◆ WORK REQUIRED
Write out the listing from the line with "NFL coverage map of late FOX games in Week 1" to the line with "Logo for the", both lines included, exactly and nothing beyond. Leave pictures out.

◆ THE INPUT
◆ ◆ ◆

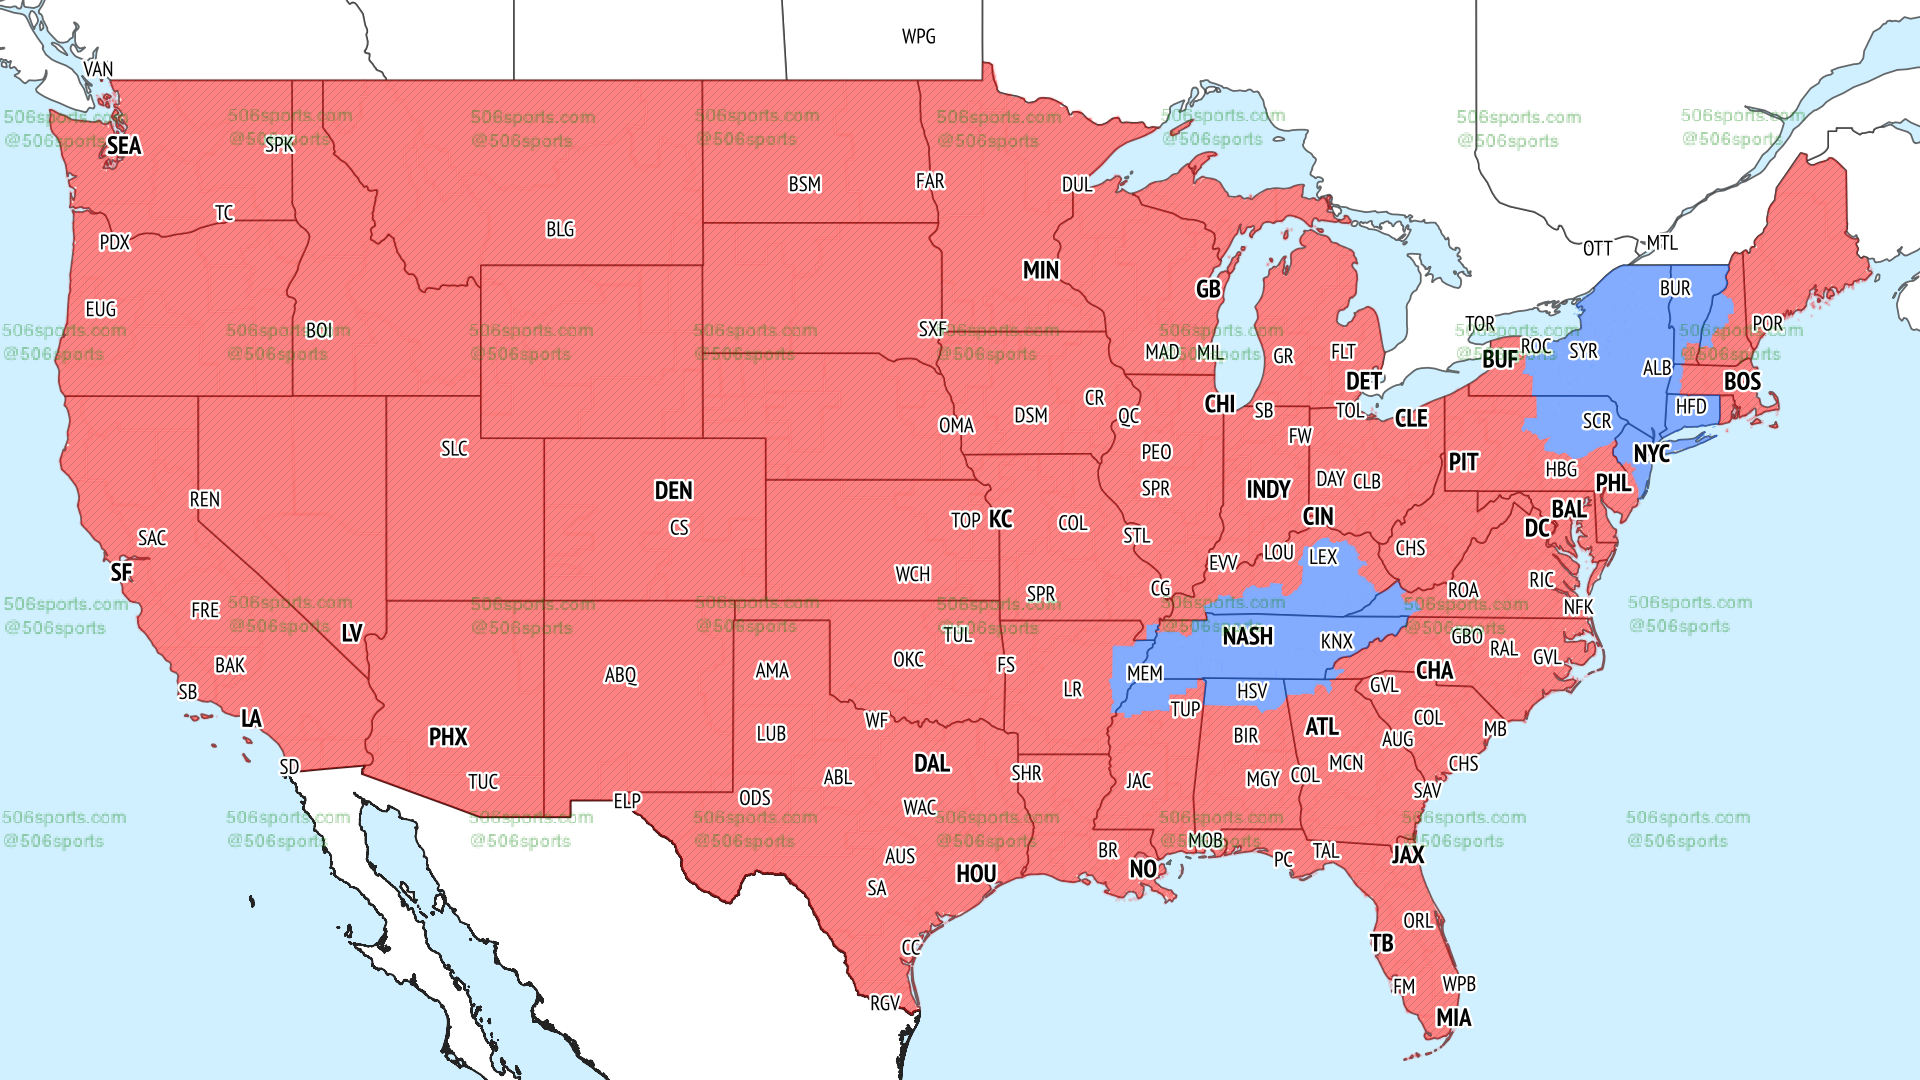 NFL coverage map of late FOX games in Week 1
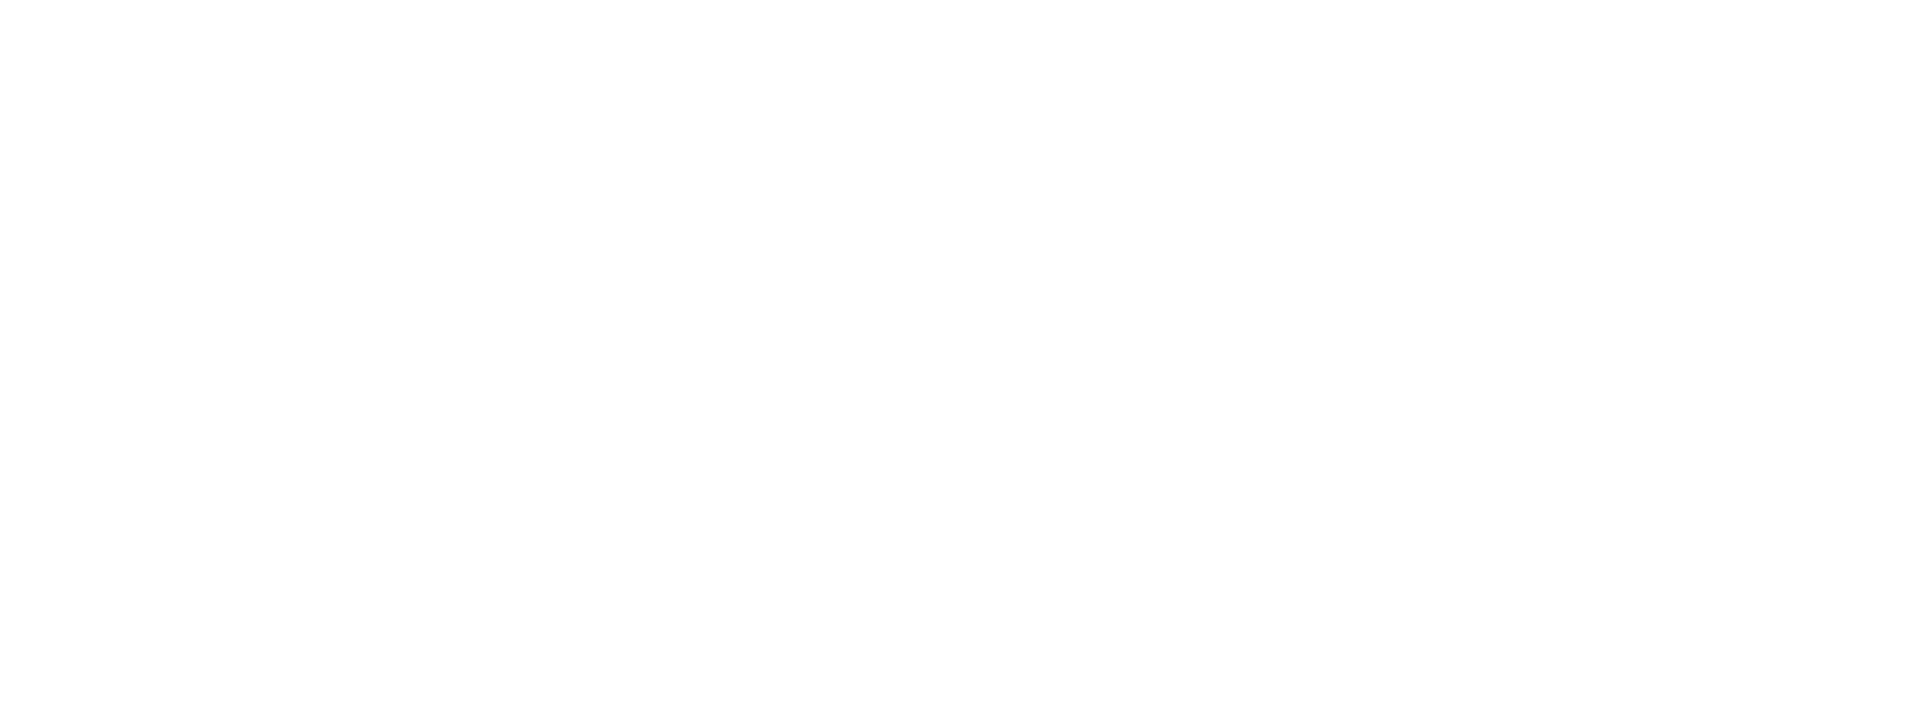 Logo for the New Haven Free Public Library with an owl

◆ ◆ ◆

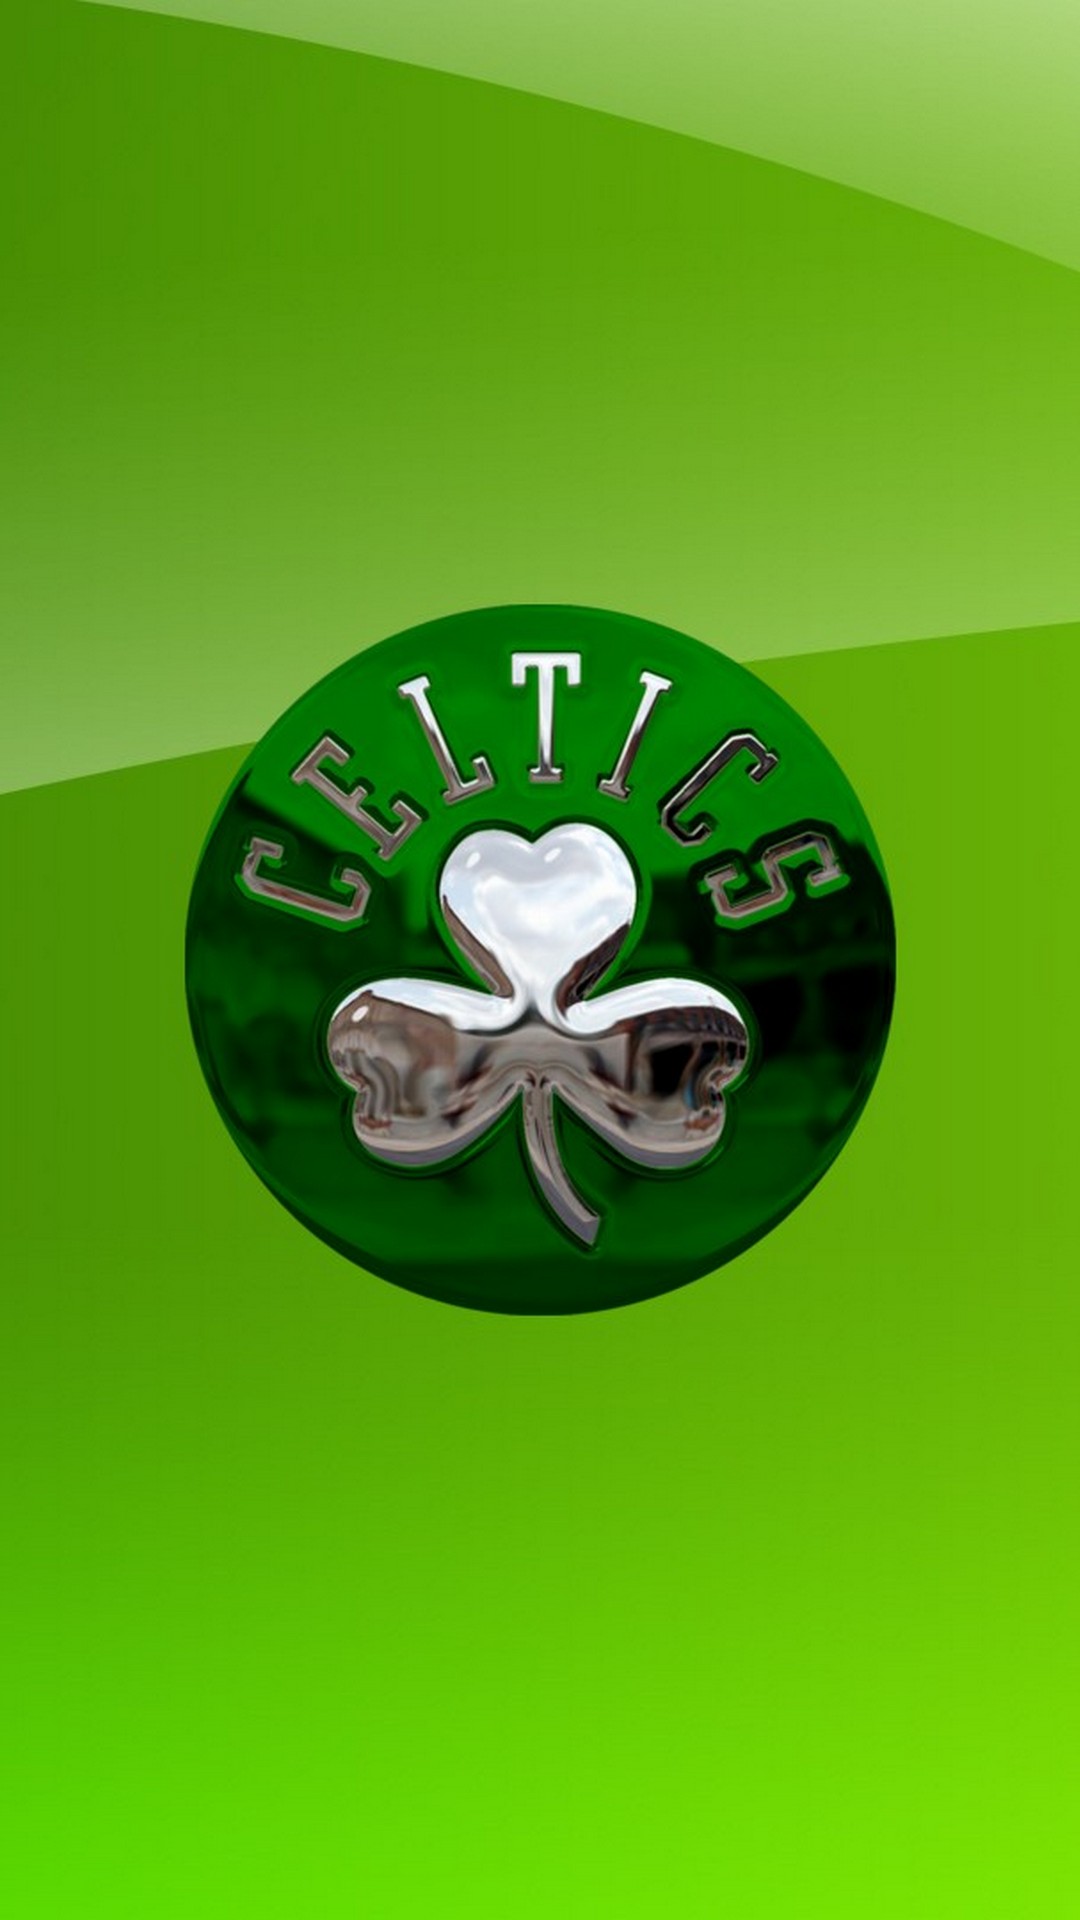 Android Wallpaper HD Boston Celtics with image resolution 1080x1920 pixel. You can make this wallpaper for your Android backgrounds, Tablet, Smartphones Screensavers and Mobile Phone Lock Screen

◆ ◆ ◆

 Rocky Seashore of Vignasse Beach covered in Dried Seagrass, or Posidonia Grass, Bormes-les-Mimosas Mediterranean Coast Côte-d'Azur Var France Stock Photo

◆ ◆ ◆

◆ FINISHED TASK
 NFL coverage map of late FOX games in Week 1
 Logo for the New Haven Free Public Library with an owl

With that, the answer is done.